Important: I know what a completely unrealistic answer looks like, and how to correct or ignore it.
Being able to prove that one answer is wrong is still much easier than finding the right answer myself. Instead of giving up, I offered a correction:
there are 154 select queries in that list, but your counts do not add up to that total
This time, the response came back correct:
# | query_type | count |
---|---|---|
… | … | … |
13 | MyTable Exists | 49 |
14 | MyTableItem Load | 24 |
15 | MyTableStatus Load | 2 |
Iterate on the format of the answer
The output above (a github-flavoured markdown table) was something I asked an LLM to generate specifically for this blog post, weeks after I was working on this problem.

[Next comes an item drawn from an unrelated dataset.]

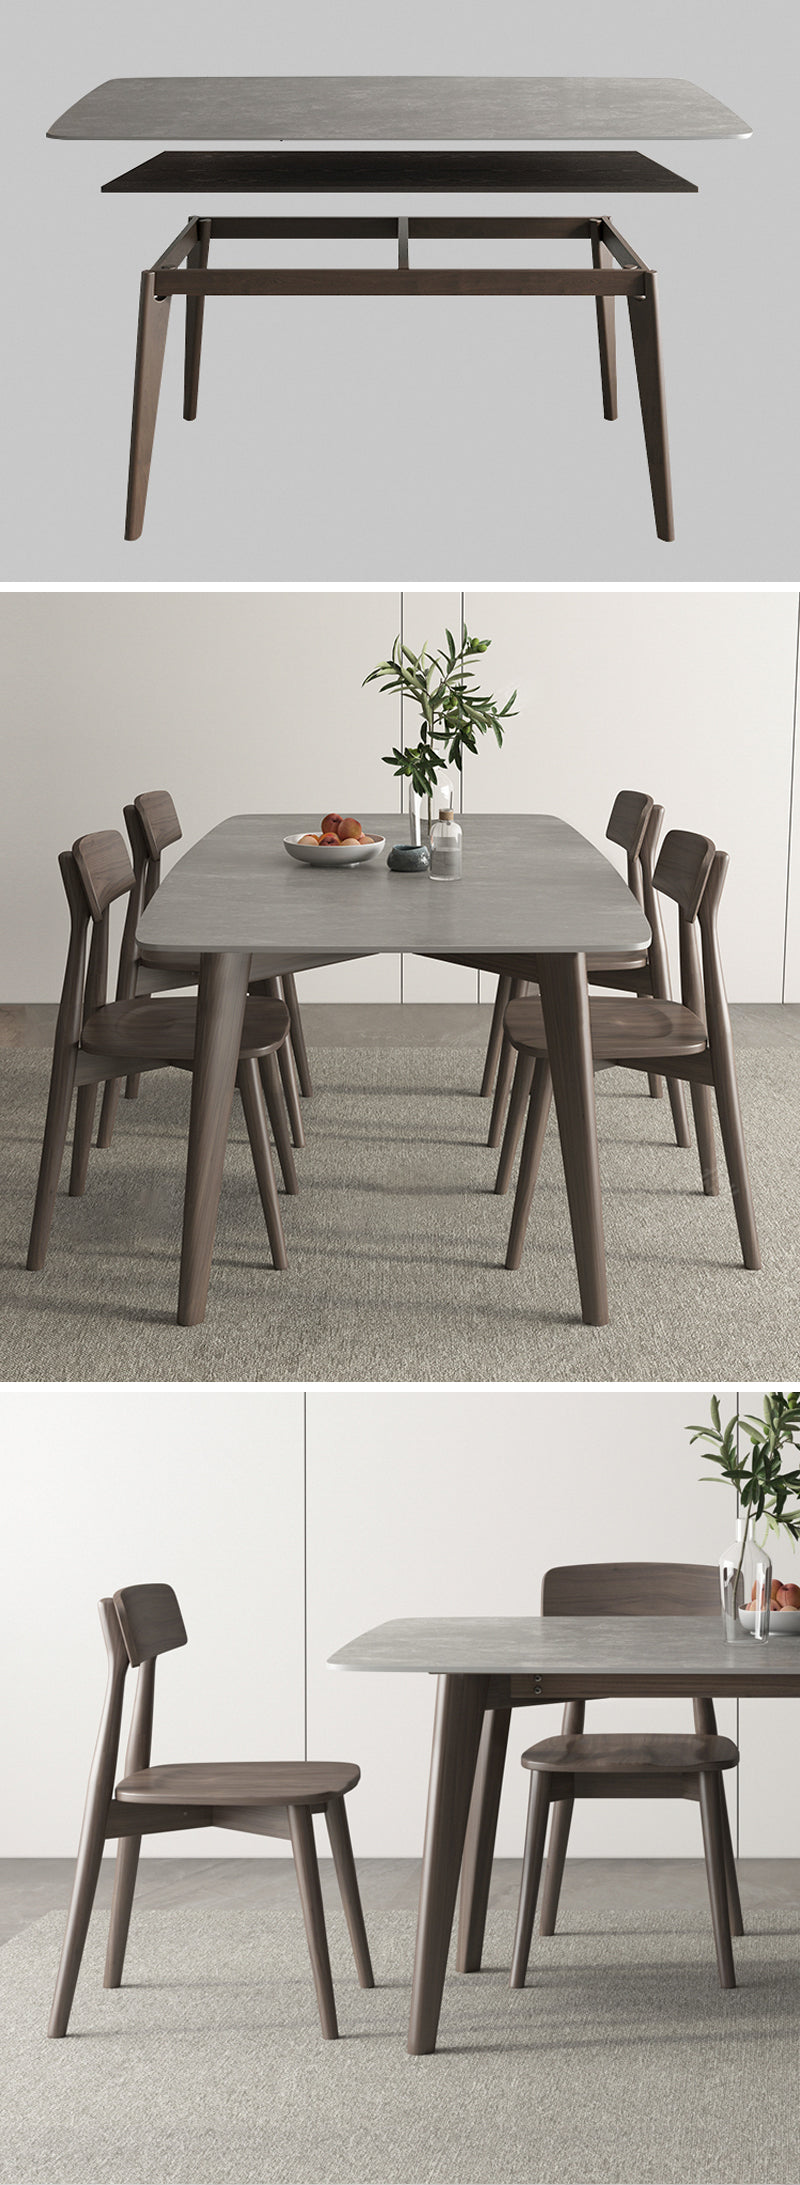 【ダイニングテーブル】北欧風 マーブル柄 選べる7サイズ ダイニングテーブル 椅子セット

Earlier I received spreadsheet-type output with cells and columns that was native to this LLM’s chat UI. At one stage I also received text output like:
1. User-related queries: These queries deal with fetching or managing data related to users.
• User Load
• Count: 2
2. Role and Permission-related queries: These queries are concerned with roles and permissions.
• Role Load
• Permission Exists?
• Count: 4
Consider what you’ll do next with the data and ask for what you need from the LLM.
Why an LLM was the best tool for the job
There are tools that could provide me with the same insight, without the non-deterministic LLM responses. Each has drawbacks of their own.
Database- or Rails-specific monitoring tools require investment to set up that should be repaid over the lifetime of an application and not introduced for one unique problem. There are also well-regarded tools in this class that could not help me with this specific case.
Alternatively I could use text-processing utilities to work directly with the text from my log files. These are easily installed, but require different expertise. Consider this command:
grep SELECT log/development.log | sed 's/\[[^]]*\]//g' | sort | uniq -c
This looks like a plausible approach to my problem (if you know sed
, sort
and uniq
), but it miscounts. Debugging it might be easy to an expert GNU user, but I know I’m better off sticking to natural language.
For all the alternative tools I considered, the setup or expertise required and lack of flexibility in output did not match what I could get from an LLM. In addition, LLM expertise helps me with this and many other problems, including those I listed at the top of this post. The alternatives require learning one tool (or command) per problem.
Conclusion
As a human, I’m not that good at dealing with more than a page of text, and I need a lot of help from nice formatting. Most of my software is excellent at dealing with lots of data (e.g. gigabytes of log files), but very prescriptive in how it can help. LLMs provide a nice middle ground and offer many uses for software development.